◆ **Recorded information**:

========================

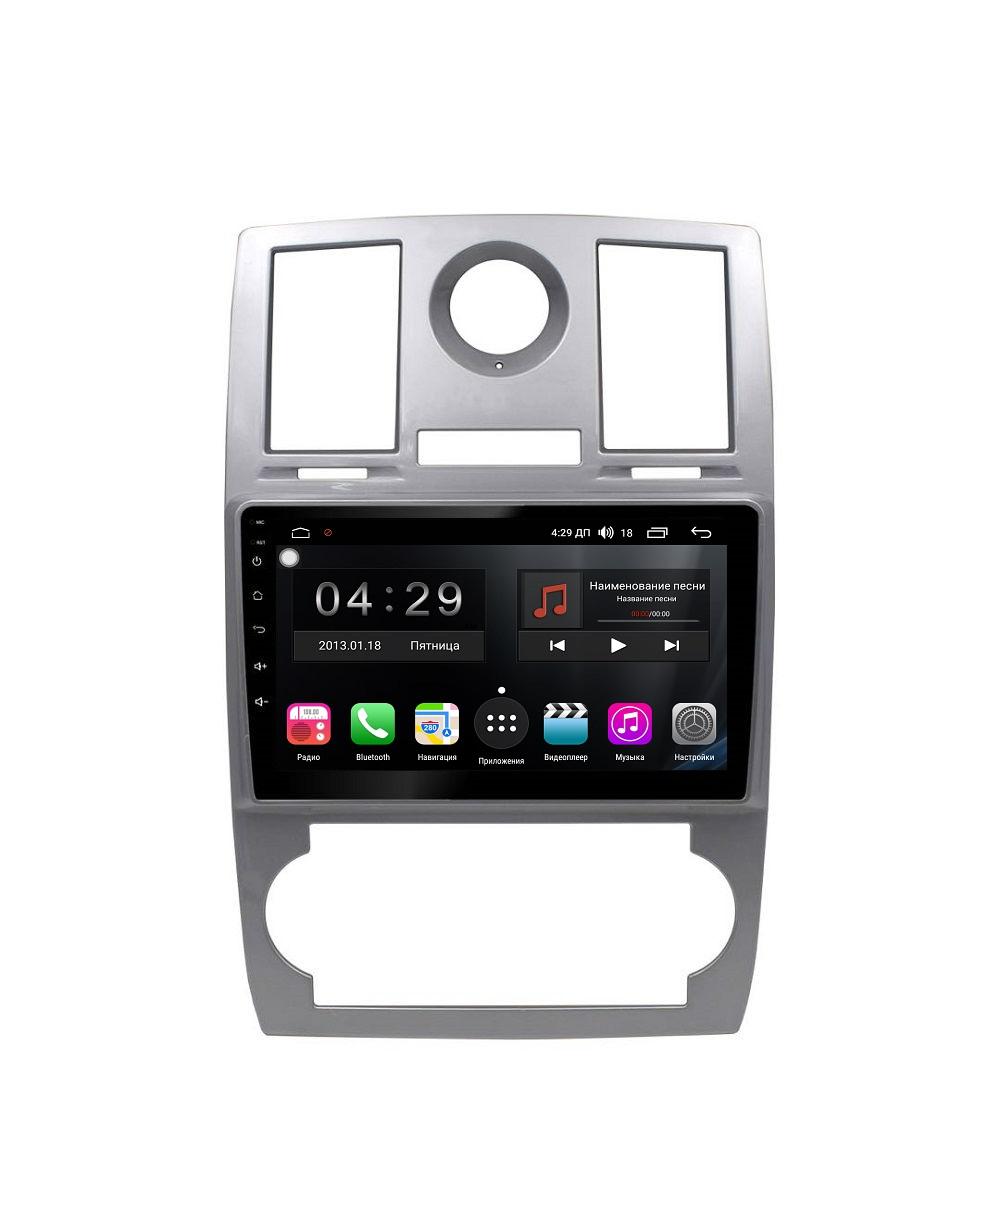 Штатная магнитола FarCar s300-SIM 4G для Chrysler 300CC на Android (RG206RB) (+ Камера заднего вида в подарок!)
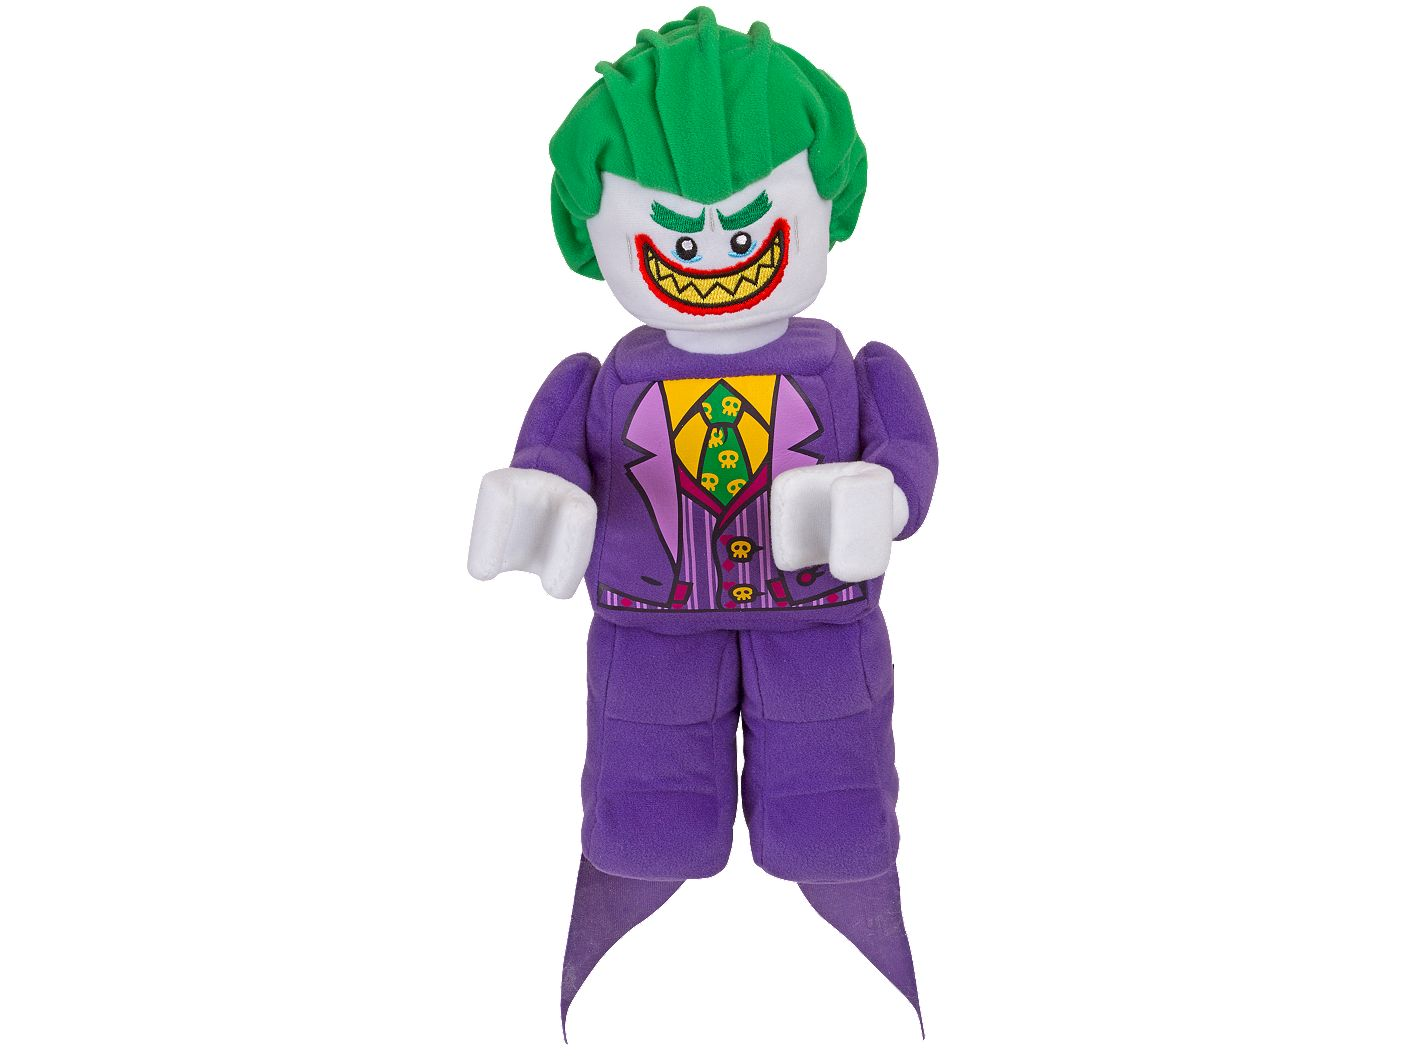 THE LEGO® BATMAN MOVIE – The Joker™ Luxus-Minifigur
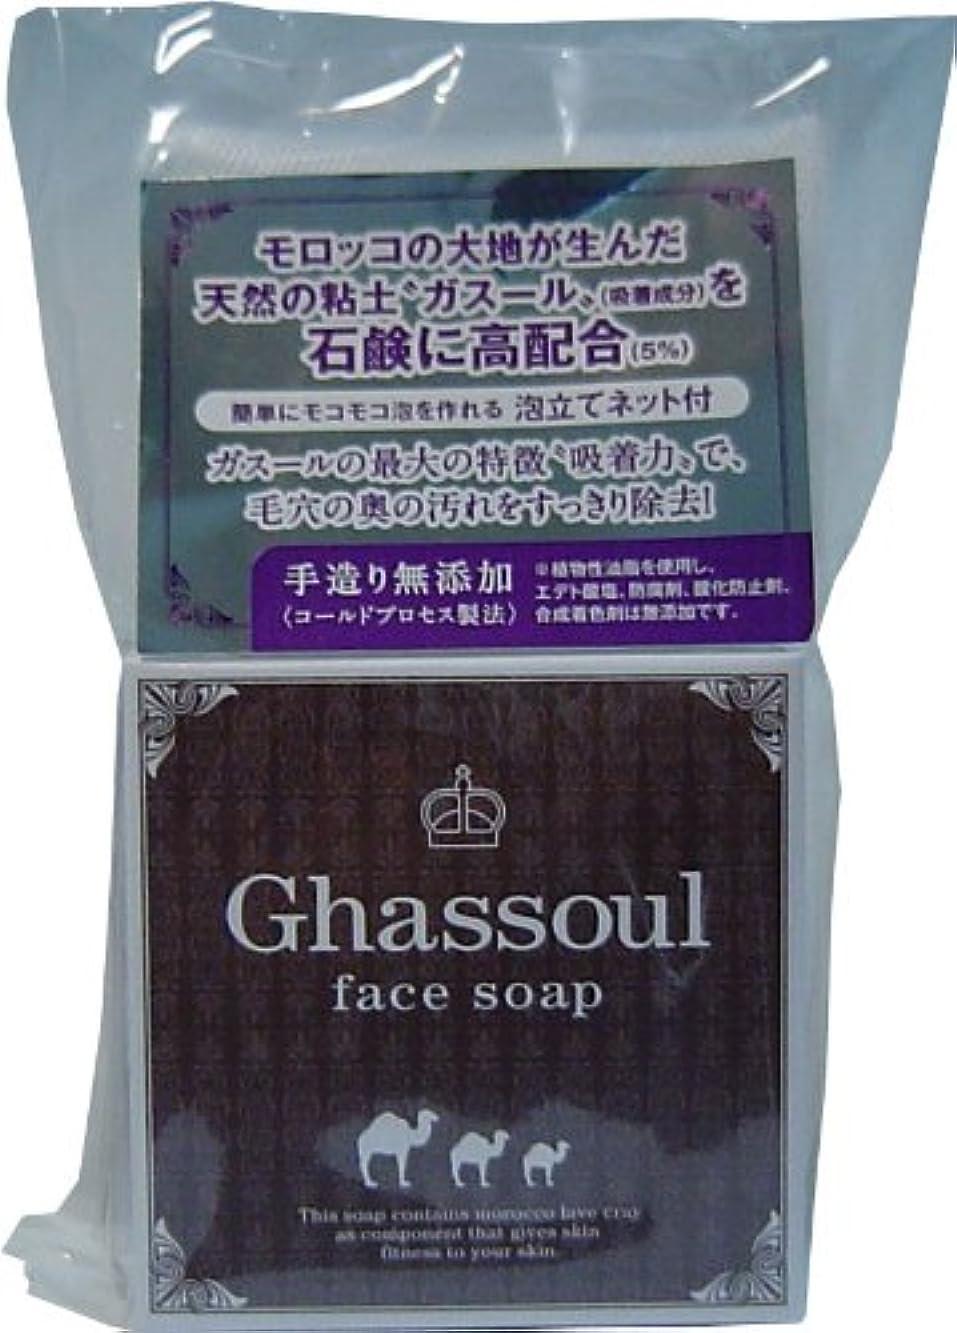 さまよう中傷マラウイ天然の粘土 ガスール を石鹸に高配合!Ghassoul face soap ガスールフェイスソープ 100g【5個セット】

========================

Each line above should be returned exactly as written, apart from any pictures.

 Штатная магнитола FarCar s300-SIM 4G для Chrysler 300CC на Android (RG206RB) (+ Камера заднего вида в подарок!)
 THE LEGO® BATMAN MOVIE – The Joker™ Luxus-Minifigur
 さまよう中傷マラウイ天然の粘土 ガスール を石鹸に高配合!Ghassoul face soap ガスールフェイスソープ 100g【5個セット】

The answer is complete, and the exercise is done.